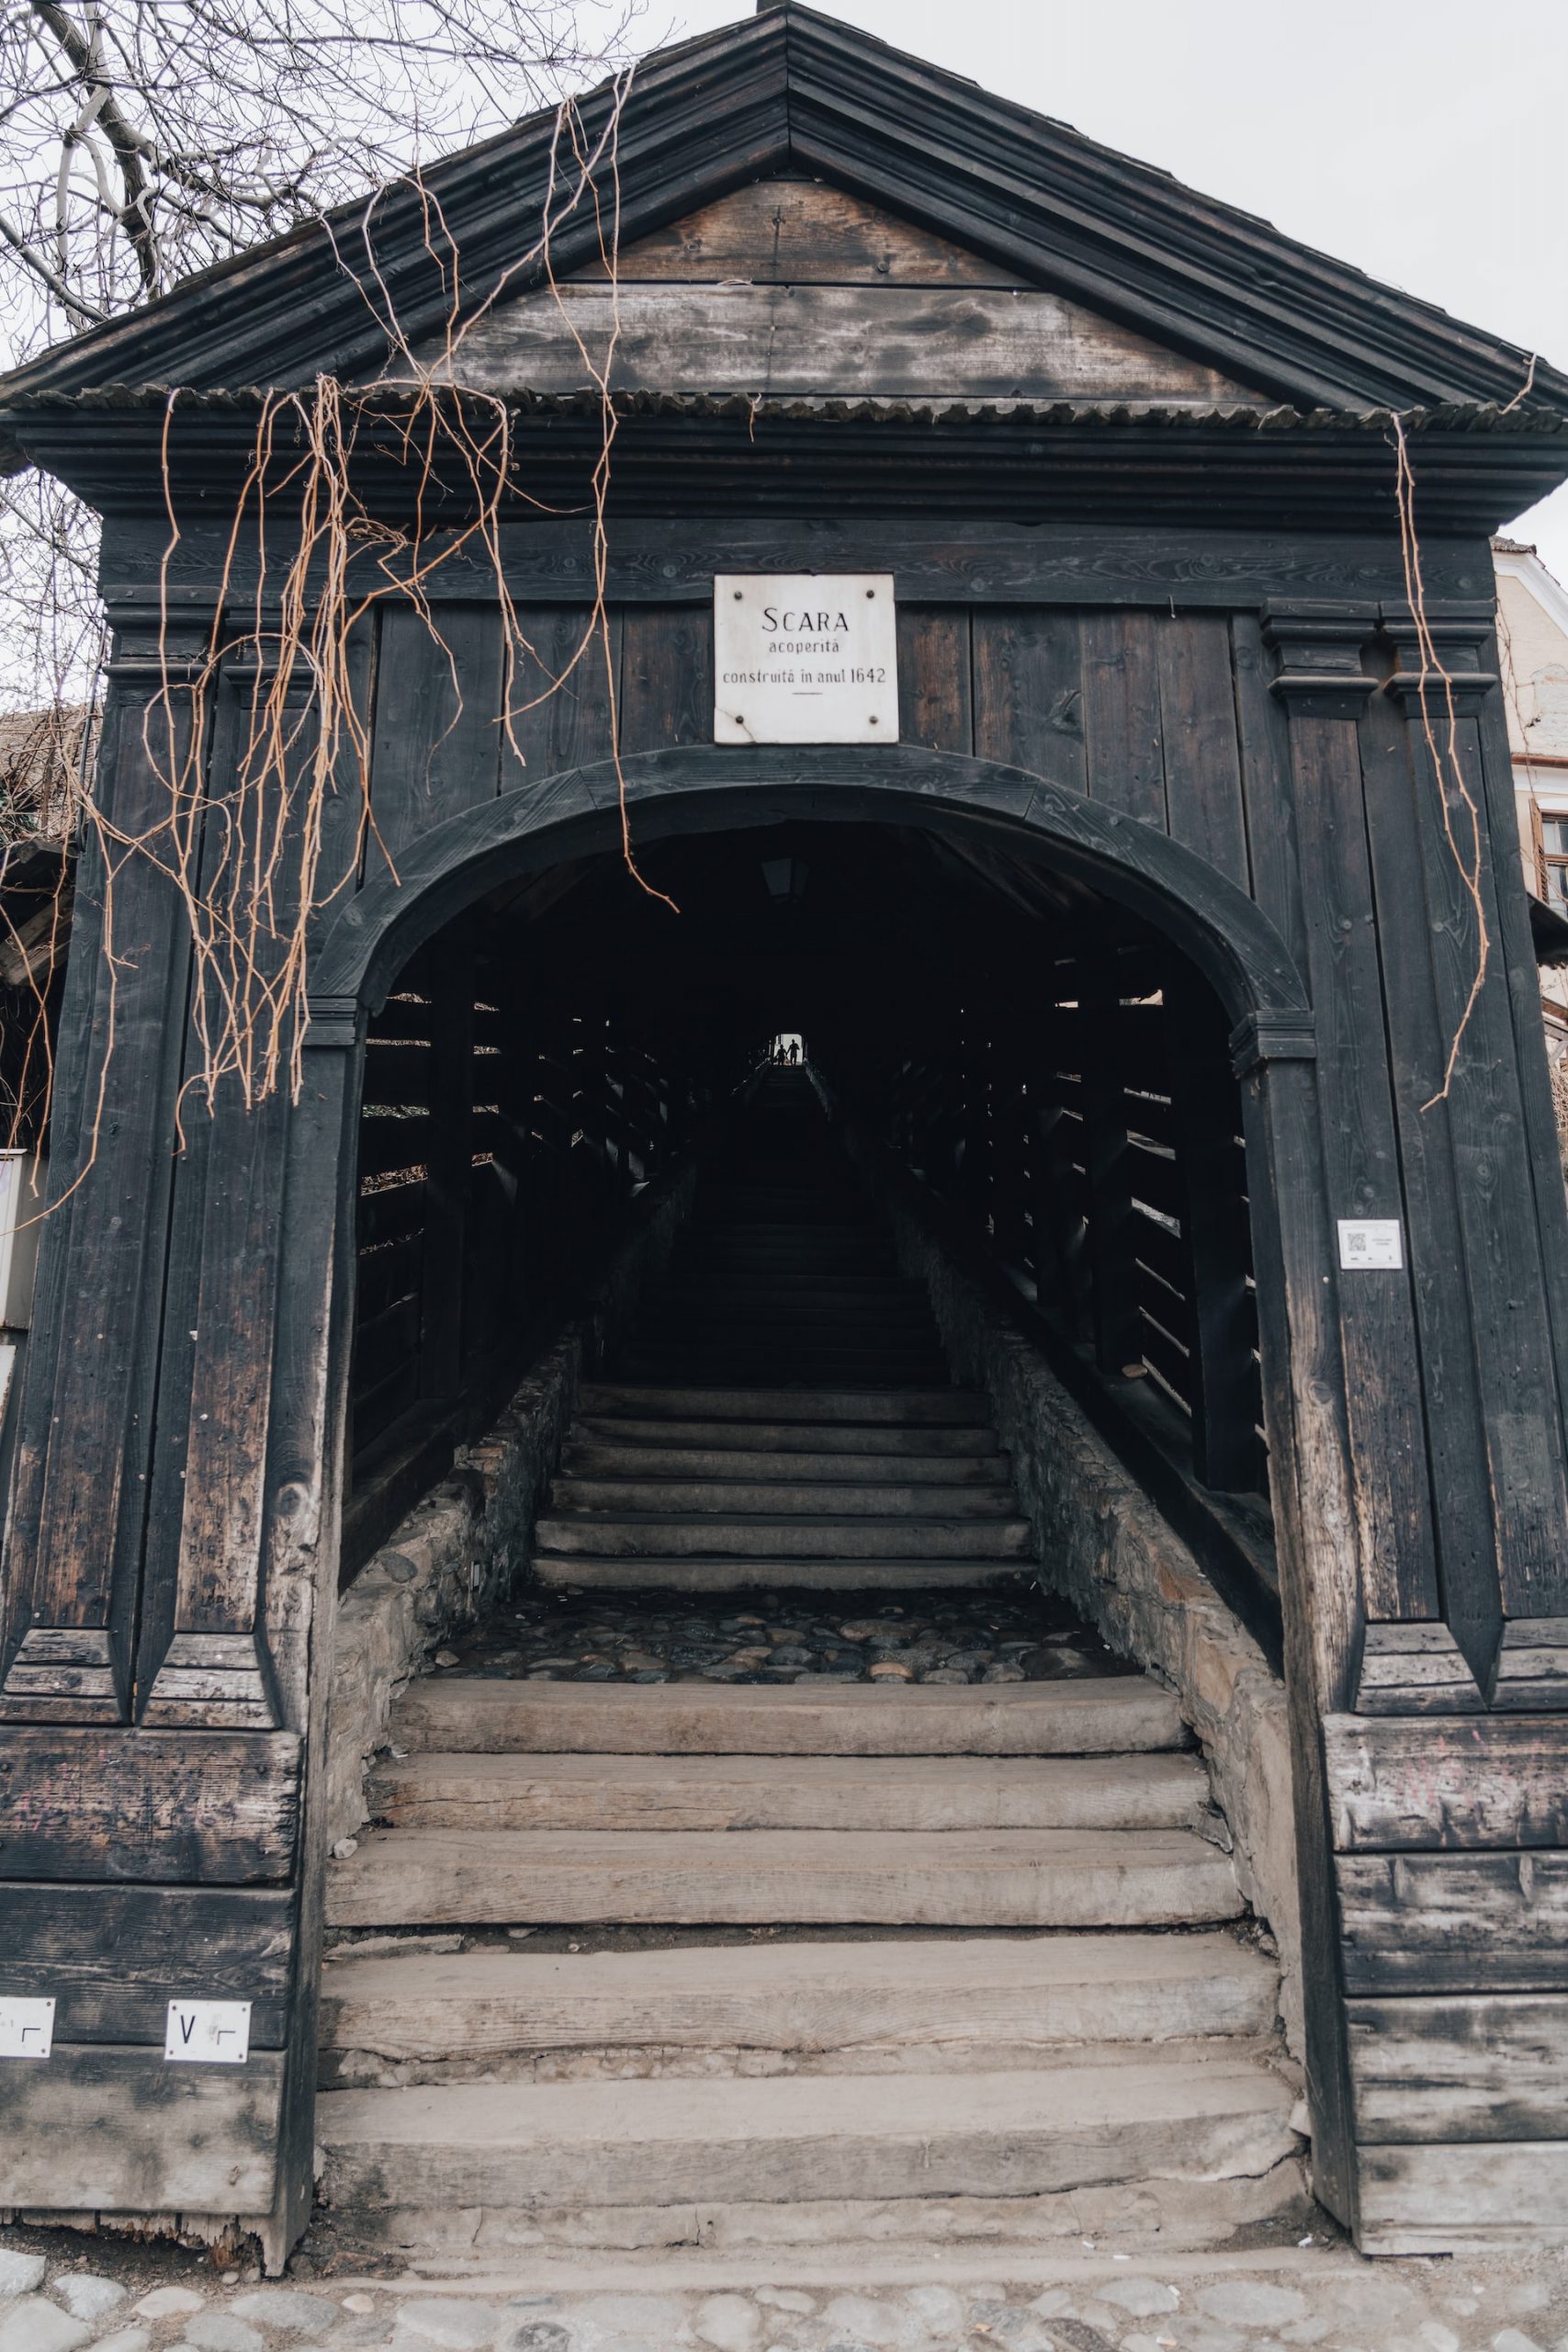 The Scholars’ Stairs in Sighisoara
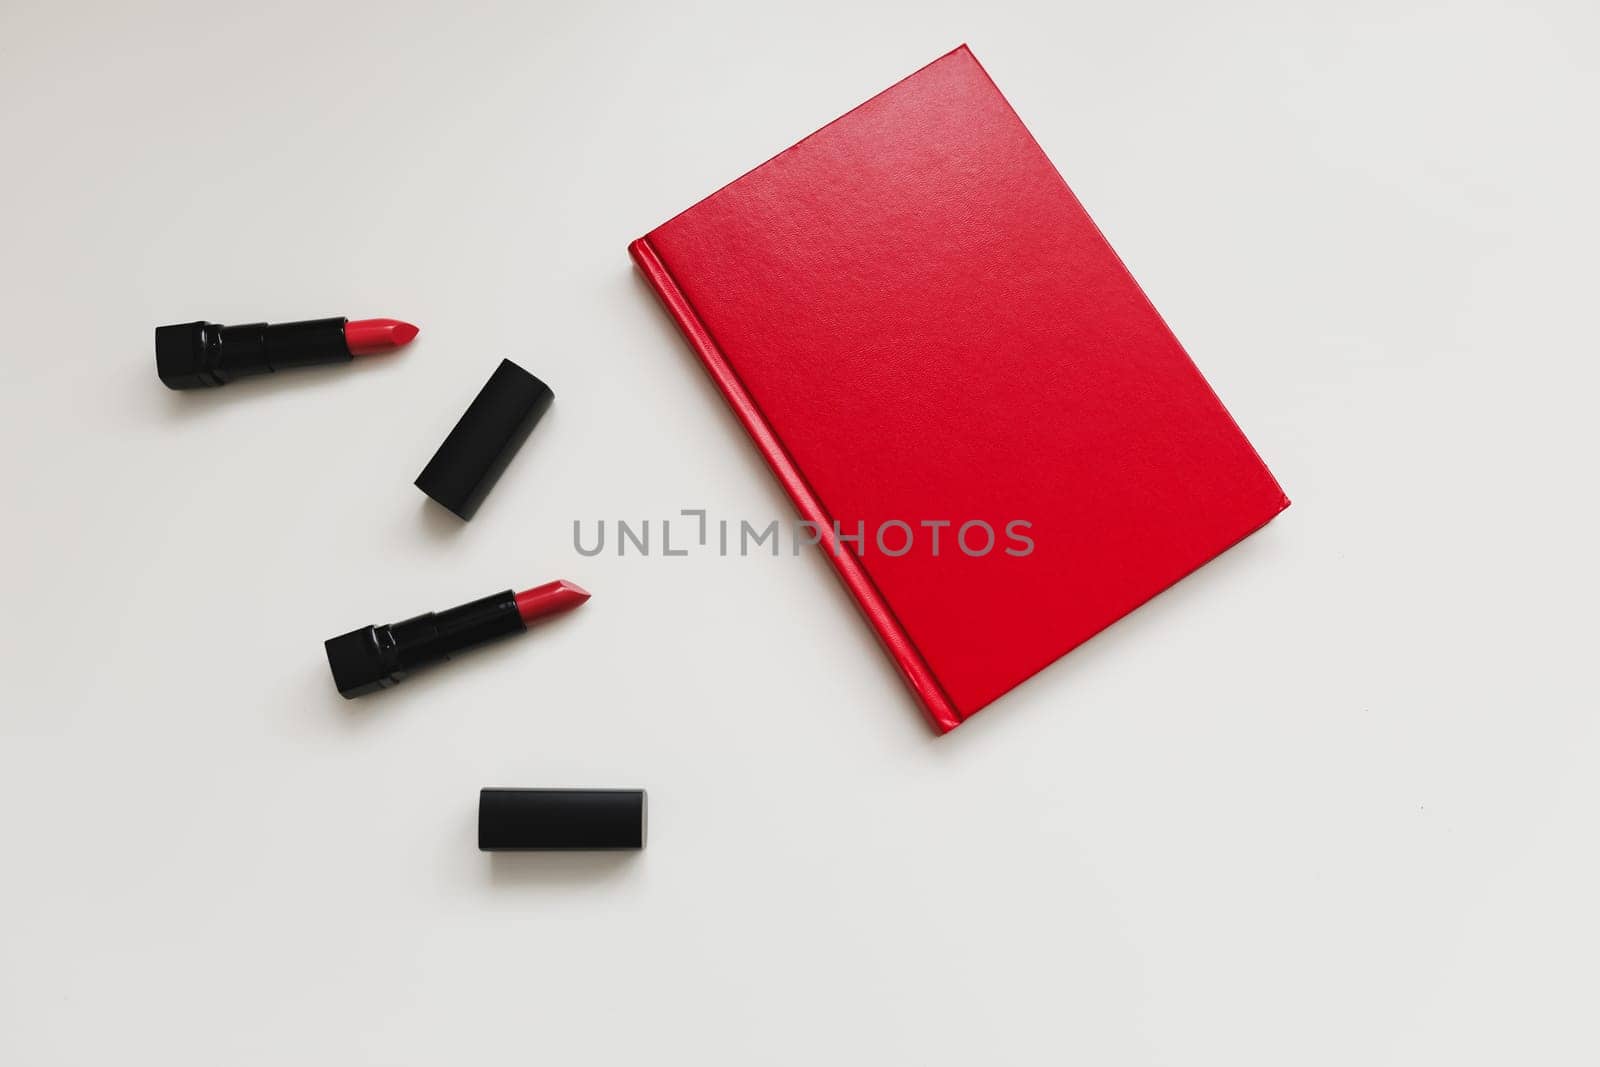 Concept Women's Day, Valentines Day, March 8. Red book and lipsticks, cosmetic makeup products and accessories flatlay top view by paralisart
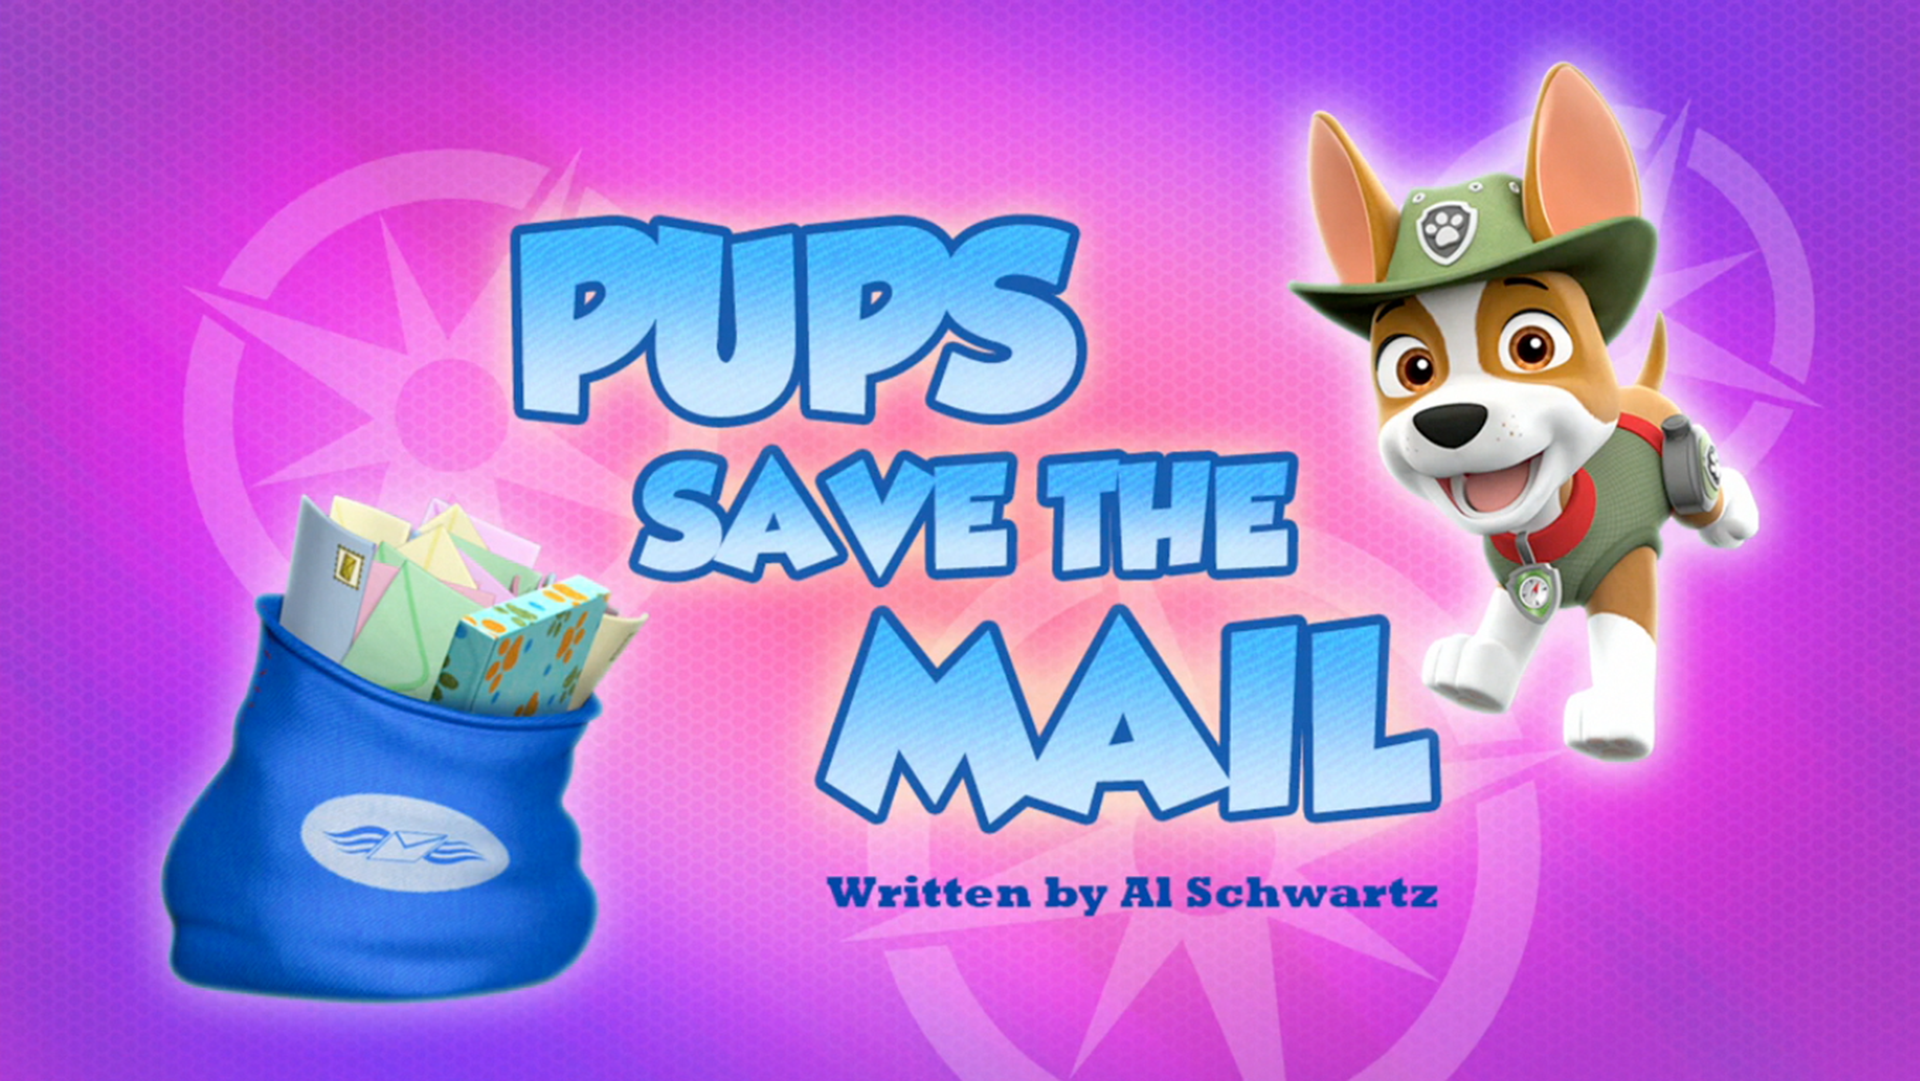 https://static.wikia.nocookie.net/paw-patrol/images/5/54/Pups_Save_the_Mail_%28HQ%29.png/revision/latest?cb=20171028075411

○ ○ ○

# Aim of the exercise
Each line of the data should be quoted exactly, with pictures left out.

# Solution for this task
 The Scholars’ Stairs in Sighisoara
 Concept Women's Day, Valentines Day, March 8. Red book and lipsticks, cosmetic makeup products and accessories flatlay top view by paralisart
 https://static.wikia.nocookie.net/paw-patrol/images/5/54/Pups_Save_the_Mail_%28HQ%29.png/revision/latest?cb=20171028075411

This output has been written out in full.